UW-Madison traffic lab assisting city in competition for $50 million
Despite a growing focus on vehicles that navigate autonomously, driverless “smart” transit still seems like the stuff of science fiction.
However, in Wisconsin, it may soon move closer to reality as University of Wisconsin–Madison engineers collaborate with City of Madison officials and local industry in hopes of making the futuristic idea a reality.
Researchers in the Traffic Operations and Safety (TOPS) Laboratory, housed in the Department of Civil and Environmental Engineering at UW–Madison, are lending their expertise to the city’s bid to win a $50 million award from the U.S. Department of Transportation and Vulcan Industries. Dubbed the Smart City Challenge, the award will go to one mid-sized American city to fund the creation of an integrated, smart transportation system fitting for the 21st century.
But what exactly would a “smart” transportation system look like? That’s the challenge that Madison and more than 70 competing cities hope to answer, and one thing is for sure: Much of it won’t have a human face. The era of driverless cars, intelligent bicycles and self-operating buses is approaching.
“Connected and autonomous vehicles are a key part of it,” says Peter Rafferty, transportation systems management and operations manager at TOPS. Rafferty is heading up the lab’s assistance on Madison’s Smart City Challenge application, which is currently being considered by USDOT. Five finalist cities will be revealed on March 12, 2016 at the SXSW music and technology festival in Austin, Texas. The five finalists will each get $100,000 and two months to flesh out their plans, and the winning city will be announced in the summer.
Madison’s proposal includes a vision of all sorts of new infrastructure to support things like connected vehicles — vehicles that can “speak” to each other and to traffic signals in real time — as well as autonomous, or driverless, vehicles and transit.
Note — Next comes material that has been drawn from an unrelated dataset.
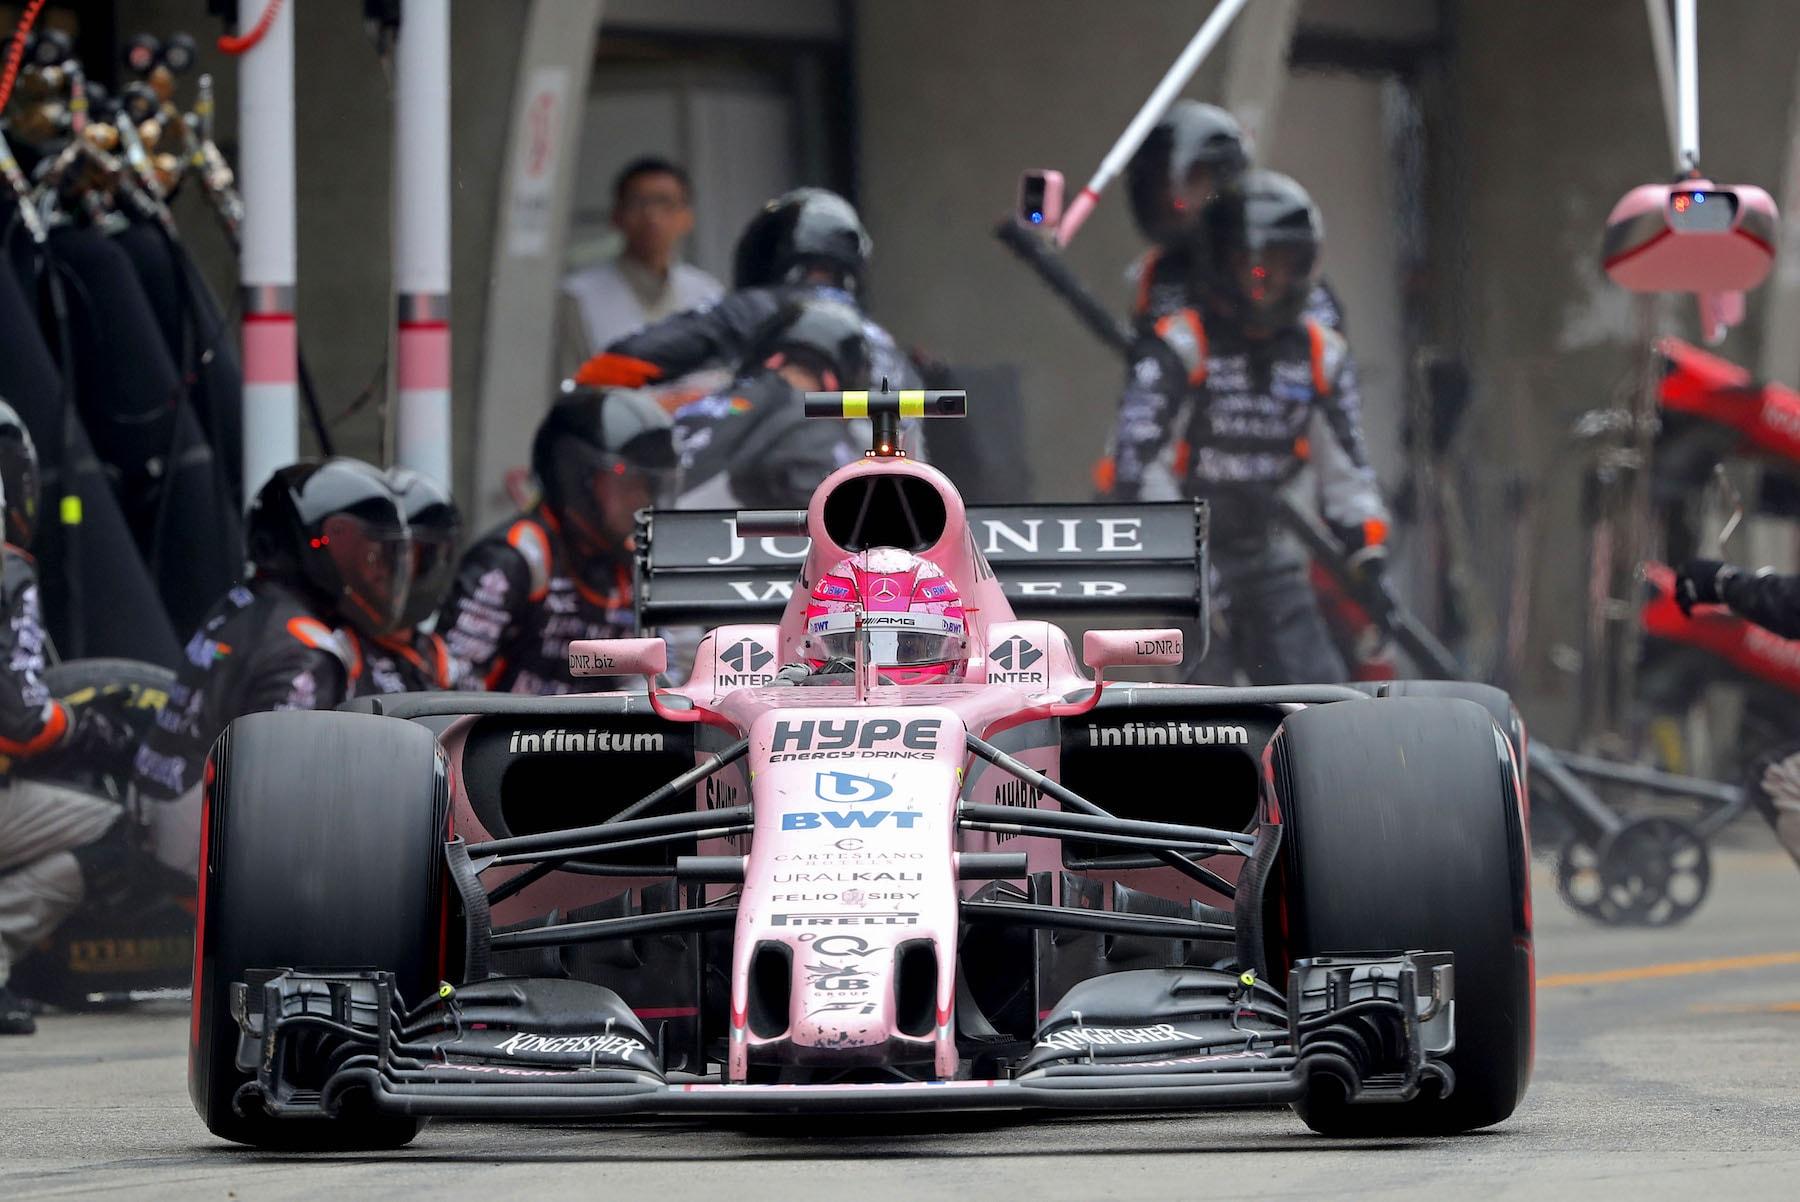 H 2017 Esteban Ocon | Force India VJM10 | 2017 Chinese GP P10 1 copy.jpg

Madison’s proposal envisions a host of environmental and social benefits accompanying these new technologies.
“The Smart City Challenge isn’t just about transportation,” says Rafferty. “The objectives include equity, economic development, safety, the environment, improving air quality and citizen involvement.”
The basic idea is that vehicles and traffic signals that are able to communicate with each other would lead to fewer accidents and reduced congestion, which would mean shorter commutes, fewer exhaust emissions and more time for people. Beginning in 2020, cars sold in the U.S. will be required to have such technology installed in them, and Madison wants to seize the moment by offering a robust, integrated infrastructure that communicates with the vehicles.
“We plan to capitalize on our existing extensive fiber communication infrastructure and build a new open system for all to fuel innovation and entrepreneurship, and to share the economy,” says Yang Tao, city of Madison assistant city traffic engineer.
At the core of Madison’s proposal is the creation of an open-source software platform that would collect and make sense of the city’s traffic data. The software would help Madison improve its transit system and transportation infrastructure, and would also be available to other public entities and private companies.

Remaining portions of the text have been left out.